Great Ramesses (264): "As the one and only he is by his name stronger than hundreds of thousands (264).

"The description of the predicament, the prayer, and the announcement of the 'found' god are all clear indications that the first person singular section of the Poem is a variant of the stela formula for personal piety, modified for kingly usage," Mind of Egypt, 263. Nephi's language is also poetic and certainly hearkens back to Miriam's famous poem of deliverance from the armies of Pharaoh--all one pattern here.

"The description of the predicament, the prayer, and the announcement of the 'found' god" also perfectly matches the autobiographical Book of Abraham (Chapter One: Deliverance from the altar of the priest of Pharaoh).

"I have called on you, O Amun,
while I am amidst multitudes whom I know not.
All the foreign countries have united against me, I being entirely
alone, no one else with me," Mind of Egypt, 263.

Look unto Abraham your father, and unto Sarah that bare you: for I called him alone [achad], and blessed him, and increased him" (Isaiah 51:2).

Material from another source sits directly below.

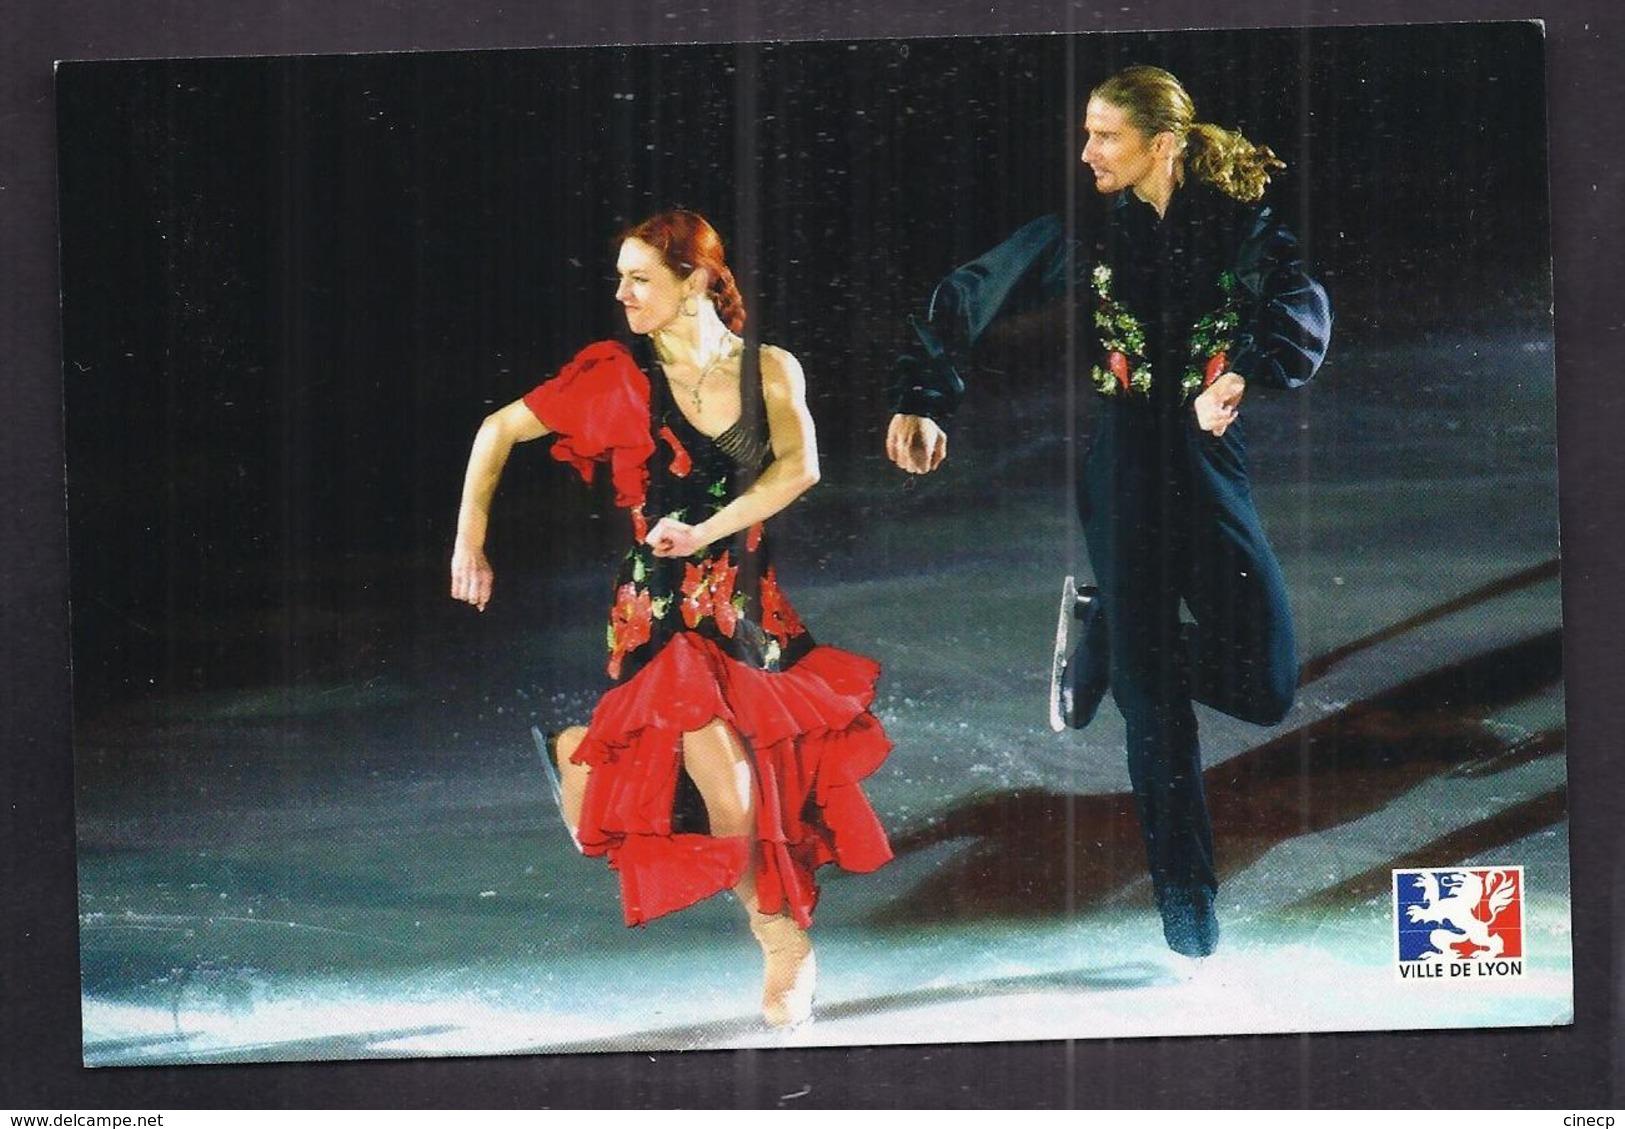 CPSM SPORT - DANSE SUR GLACE - Marina ANISSINA + Gwendal PEIZERAT Champion Olympique 2002 Jeux Olympiques - Patinage Artistique

Concludes Jan Assmann (459 n.88): "Using the term 'find' to refer to God and his coming appears to be a motif characteristic of personal piety," as the following text on Tuthmosis IV's Dream Stela shows:

"That he found this glorious god was by speaking with his own mouth [as] a father speaks to his son."

"Thus," Abraham:

"Thus I, Abraham, talked with the Lord, face to face, as one man talketh with another. . . And he said unto me: My son, my son" (3:11-2; and 1:17: "Abraham, my son"); the language is intimate: "Now, Abraham" (3:6).

Ramesses the Great, Nephi, and Abraham all wish to say "Happy Birthday, Hugh Nibley!"